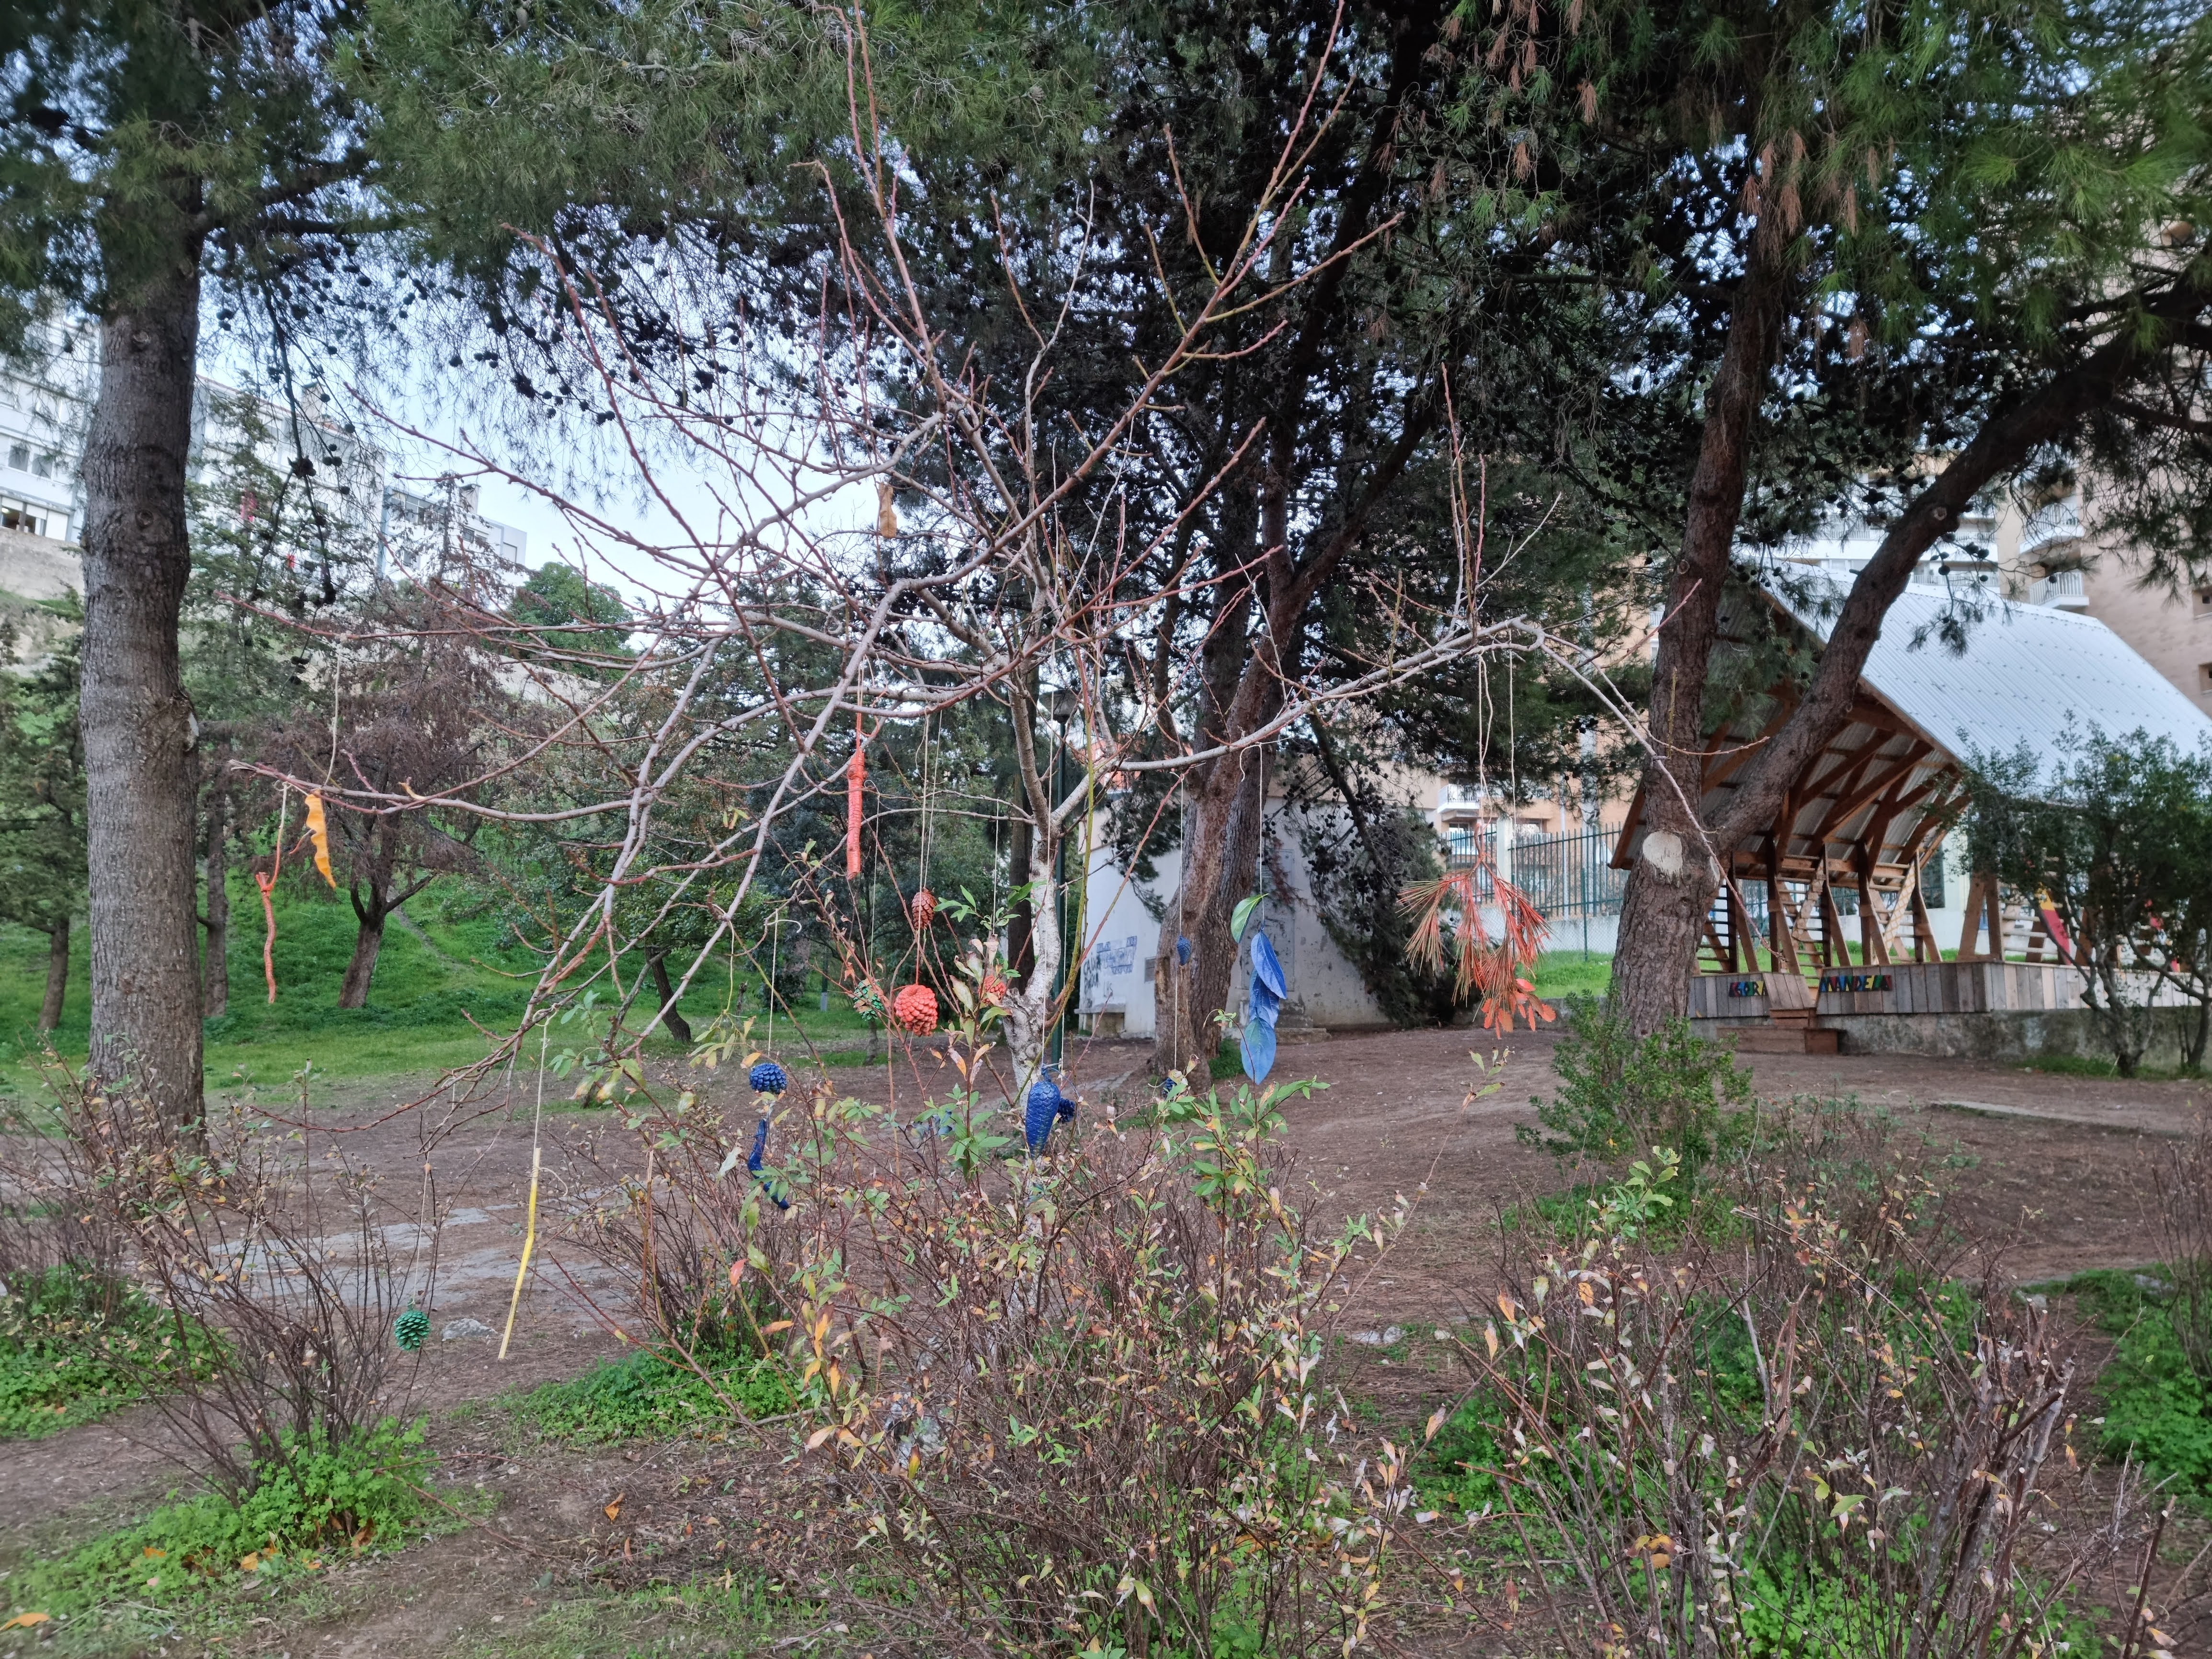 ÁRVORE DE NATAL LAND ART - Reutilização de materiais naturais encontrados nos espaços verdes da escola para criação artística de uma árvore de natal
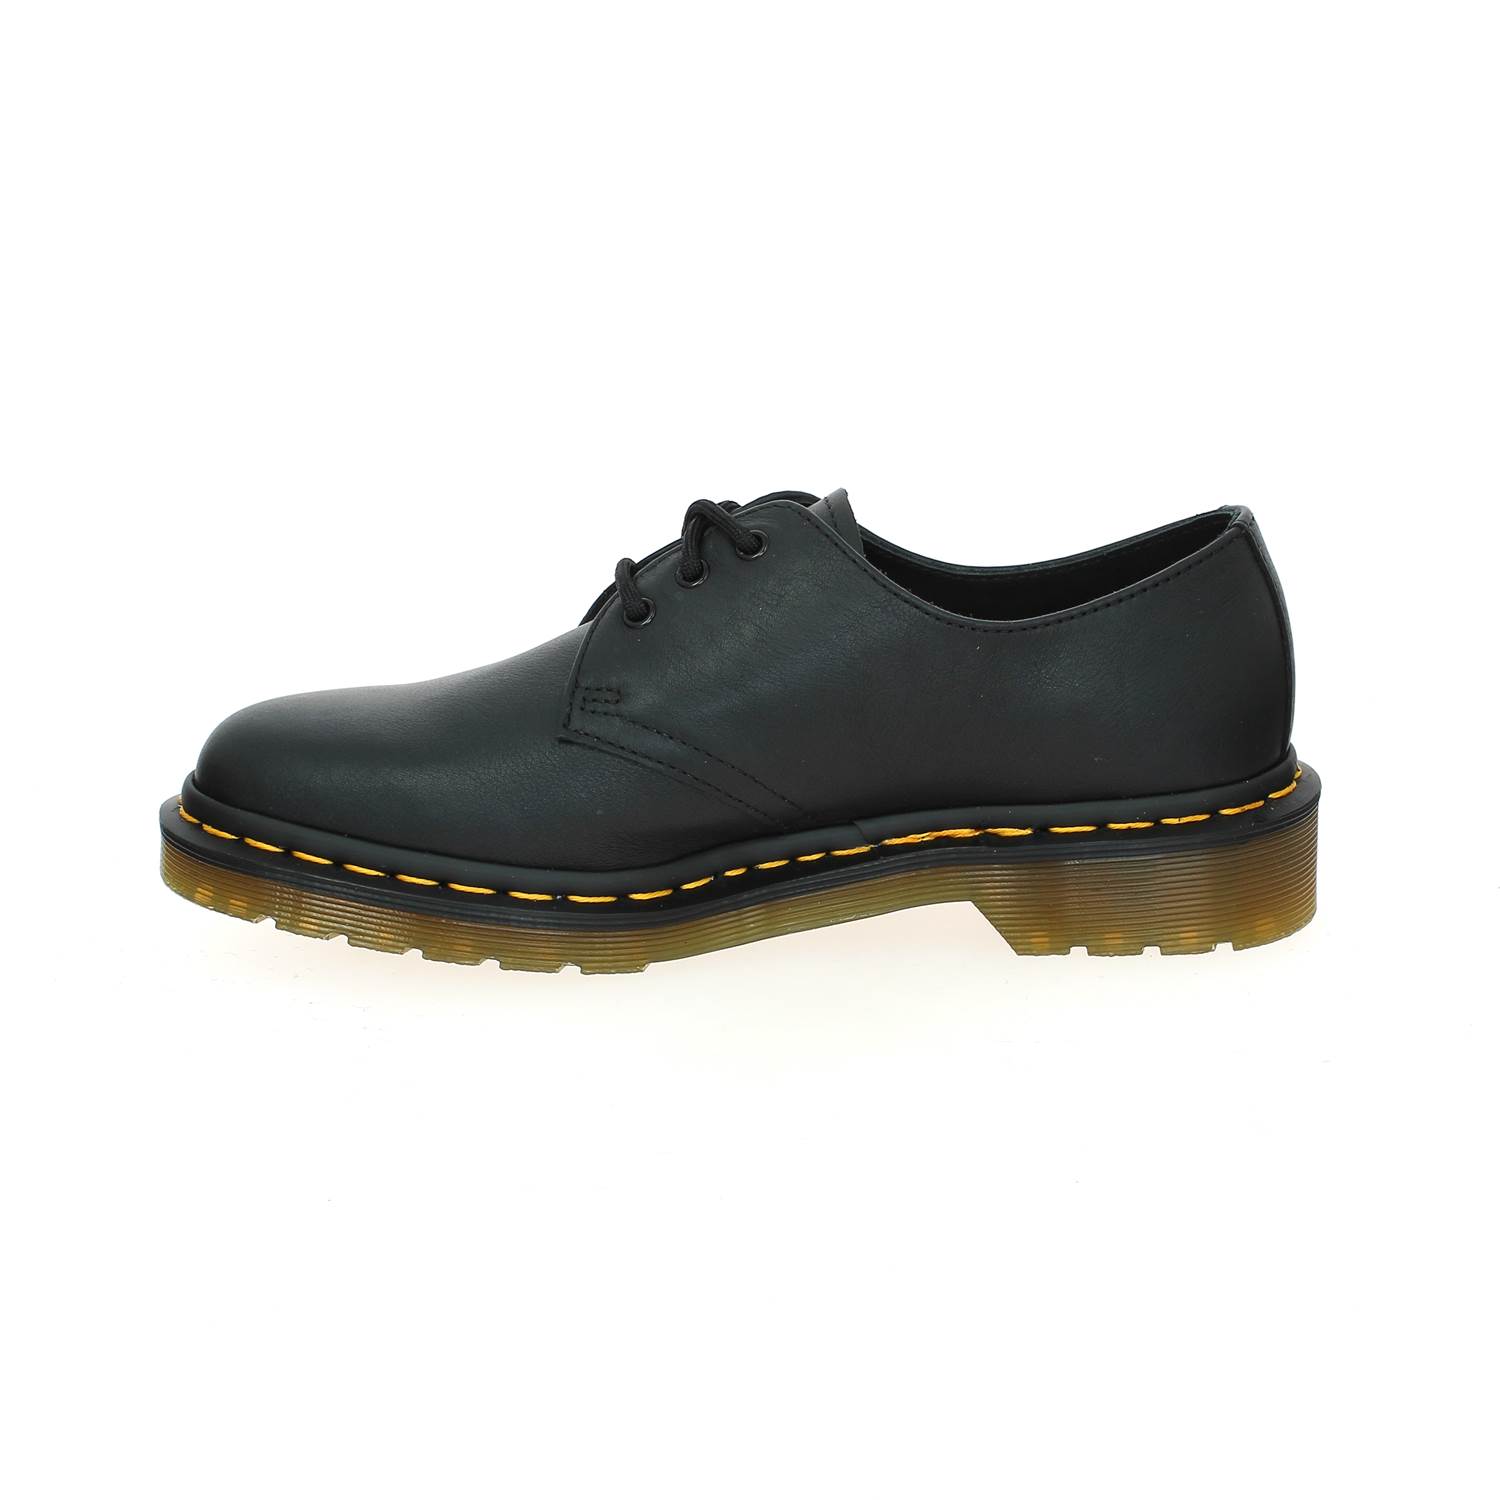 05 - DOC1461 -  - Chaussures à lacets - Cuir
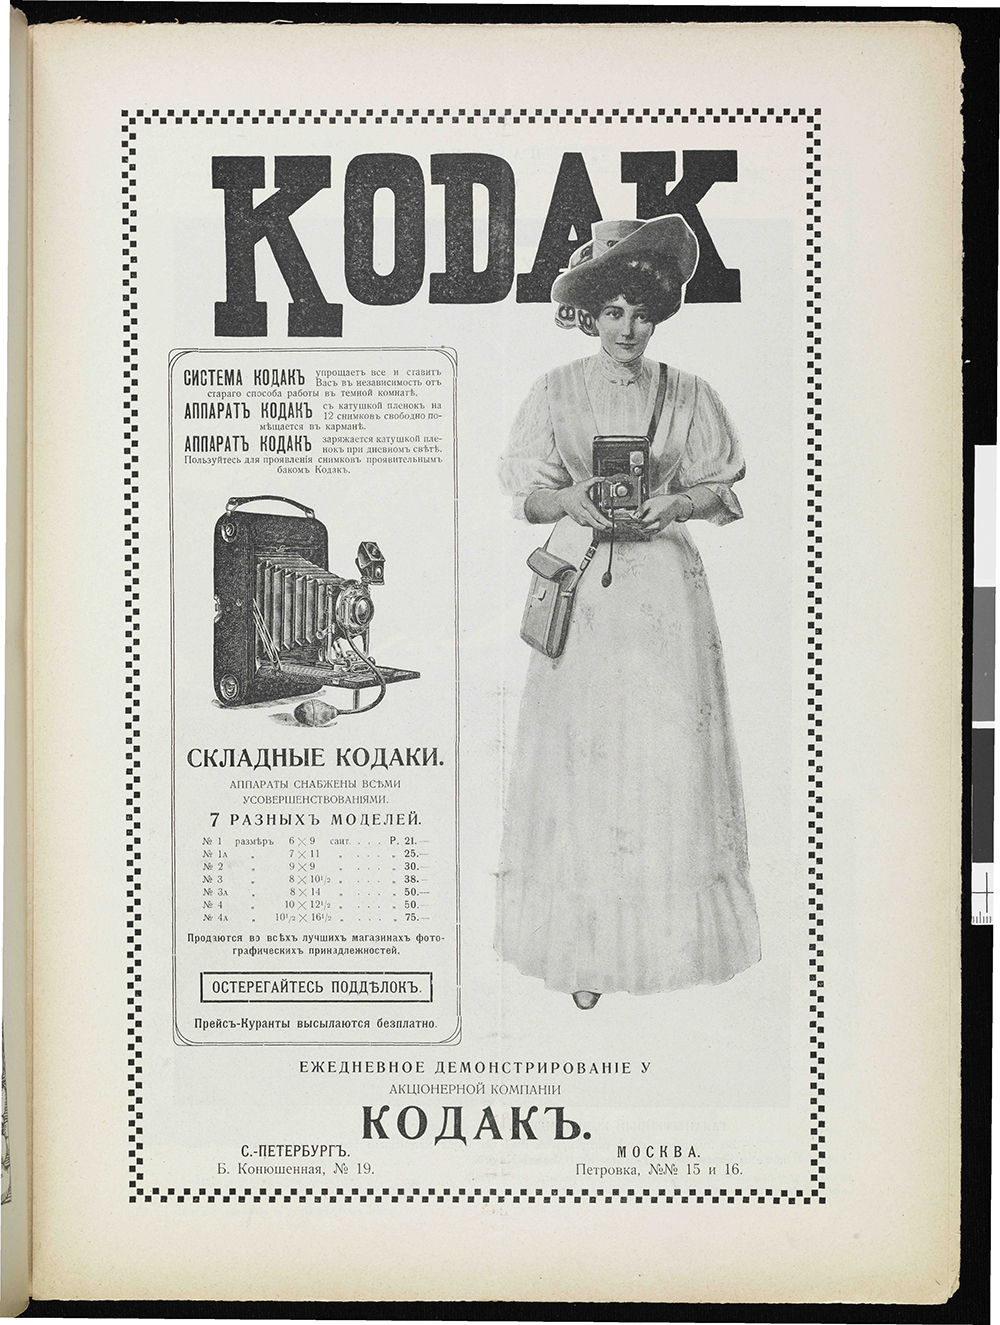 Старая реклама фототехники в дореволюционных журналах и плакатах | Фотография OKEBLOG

Brief:
An exact reproduction of the data is needed, with no pictures included.

Result:
 ÁRVORE DE NATAL LAND ART - Reutilização de materiais naturais encontrados nos espaços verdes da escola para criação artística de uma árvore de natal
 05 - DOC1461 -  - Chaussures à lacets - Cuir
 Старая реклама фототехники в дореволюционных журналах и плакатах | Фотография OKEBLOG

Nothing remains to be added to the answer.